Donor deferral should be regarded as a public health issue, not an issue of social policy, fairness or equality, although deferrals must be justified, fair and proportional to risk. The position of the WFH is that decisions on donor deferral, including deferral of men who have sex with men (MSM), should always be based on data and scientific evidence and not on considerations of social policy or politics.
The safety of recipients of blood transfusions and blood components must always be the primary concern. Decisions on deferral of donors should be made nationally, bearing in mind the prevalence of sexually transmitted infections and transfusion transmitted infections in each country. In considering any change to deferral policy, countries should carry out a risk assessment based on the scientific evidence available and the epidemiology of the country. This includes an examination of whether any change in policy will result in an increased risk to blood recipients and a decision on the degree of risk tolerance, bearing in mind that the risk is borne by recipients and not by donors. The level of donor compliance with any deferral policy should also be examined when this is possible to estimate. Providing safe blood and blood components for patients in need of transfusion is the objective of blood transfusion services. Patient health should always be the driving force in any decision on donor deferral.
In general, many individuals are deferred as blood donors based on their medical history, travel history, and health status. There are also deferrals of several broad categories of people based on statistical and epidemiological observations of increased risk of their having a transmissible infection. These include MSM, injection (IV) drug users, people who have lived in countries where malaria is endemic, people with hemophilia and their partners, and individuals residing in the UK from 1980 to 1996 due to the risk of vCJD. Similar to the other groups, the UK residents are not individually assessed for dietary exposure to beef but are all deferred. By deferring all persons in a risk category, the overall risk is decreased. Opposition to lifetime deferrals for MSM has been led by organizations working on civil rights and health issues for gay men who believe the policy is discriminatory and thus a civil rights issue. They question the correctness of categorically deferring an entire group of people and propose basing any donor deferral decision on individual assessment of high risk behaviors. The deferral of MSM donors has been legally challenged in Canada, Australia and Finland, and the legality of the deferral was upheld in each case.

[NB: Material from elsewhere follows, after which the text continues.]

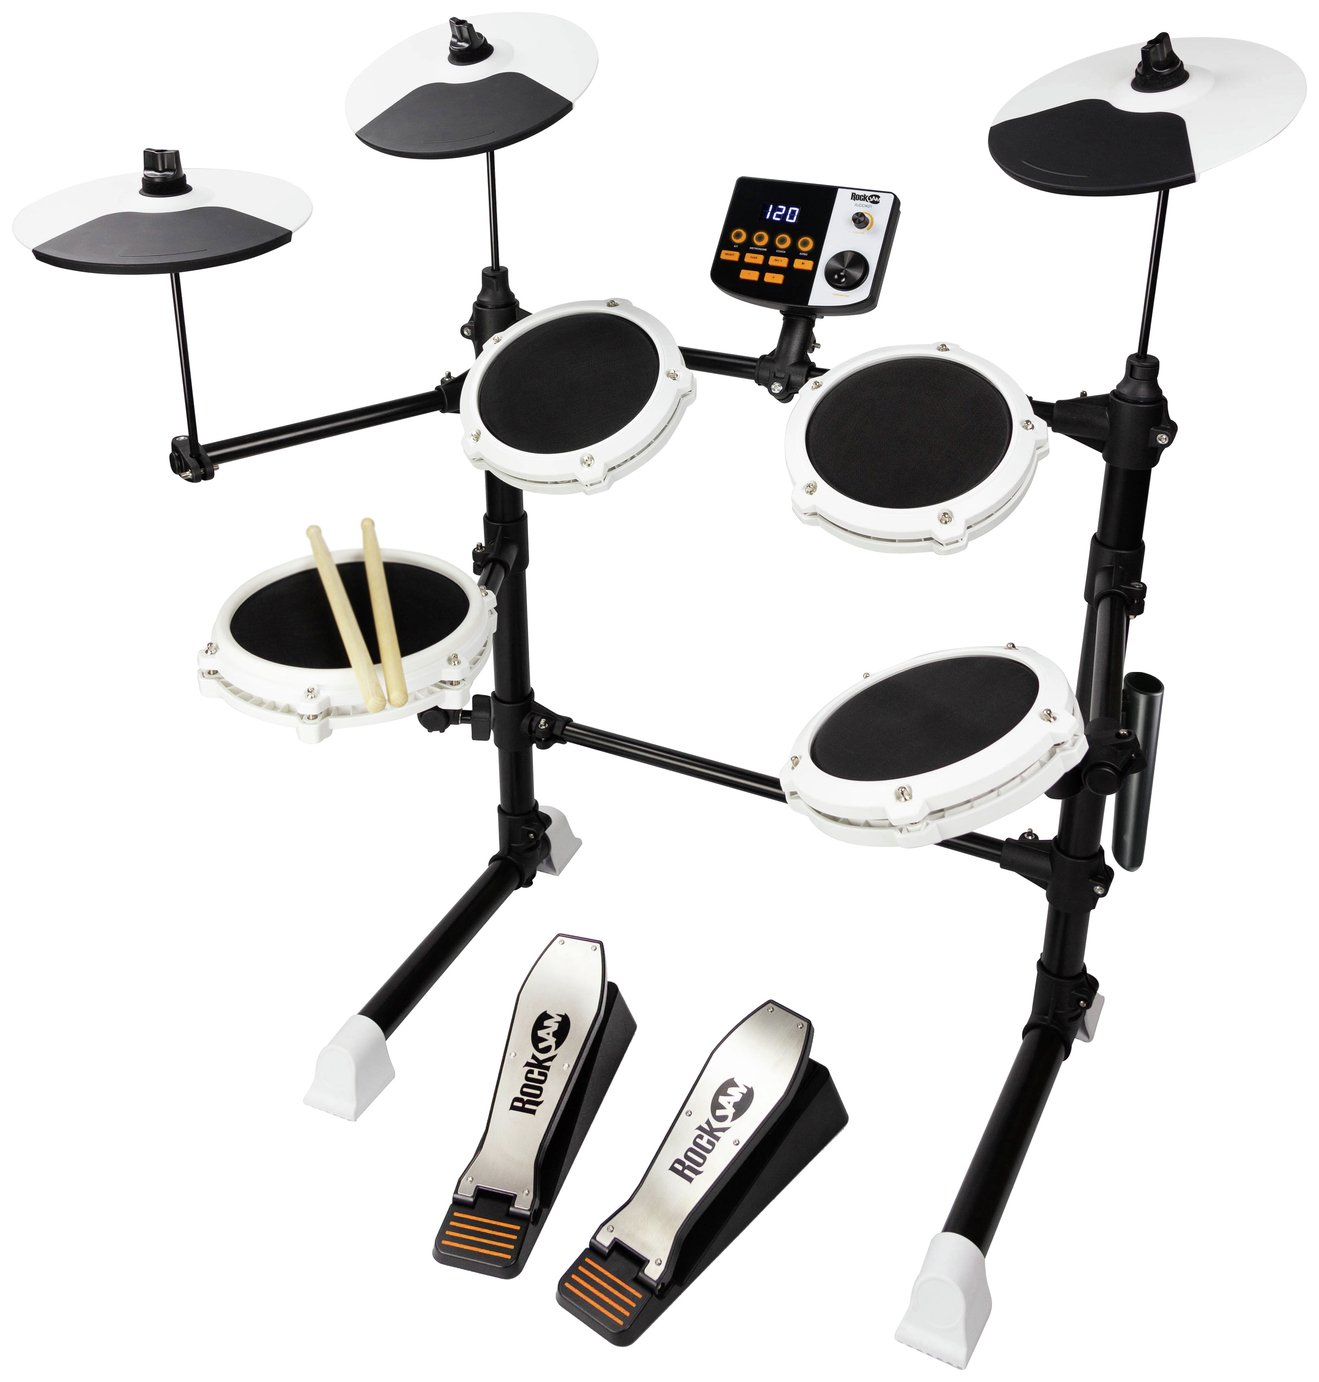 RockJam Electronic Drum Kit With Mesh Heads

The WFH views the issue of blood donation by MSM as a risk management issue which should be dealt with in the same way as any other existing or proposed donor deferral policy for blood or plasma donors. There are two broad categories of risk to patients receiving blood transfusions that need to be taken into account when considering a possible change in donor deferral criteria. These are first, the possibility of increasing the risk of transmission of known infectious agents such as HIV or Hepatitis B or C and second, the risk of transmission of new, as yet unknown and therefore undetectable, infectious agents. Whenever any new infectious agent is discovered, health authorities must reevaluate deferral policies in the context of that new risk. New agents with the potential to be transmitted via blood transfusion are not infrequent. In recent years, they have included West Nile Virus, Hepatitis E, Chagas, and Leishmania, all of which have been transmitted by blood, and H1N1, H5N1, SARS and MERS, which have not yet been shown to be transmitted by blood.
Lifetime deferral of MSM donors was introduced in the 1980s as a result of the widespread transmission of HIV through blood transfusion. The lifetime MSM deferrals in the USA and the Netherlands are currently under review, with the probability of reduction to a 1-year deferral. A one-year deferral of MSM donors is currently in place in the UK (except Northern Ireland), Finland Australia and New Zealand. Canada has a 5-year deferral. In Spain and Italy, there is no deferral period, and donors are individually assessed based on their sexual history. A lifetime deferral remains in place in Germany, Norway, France, Denmark and Ireland.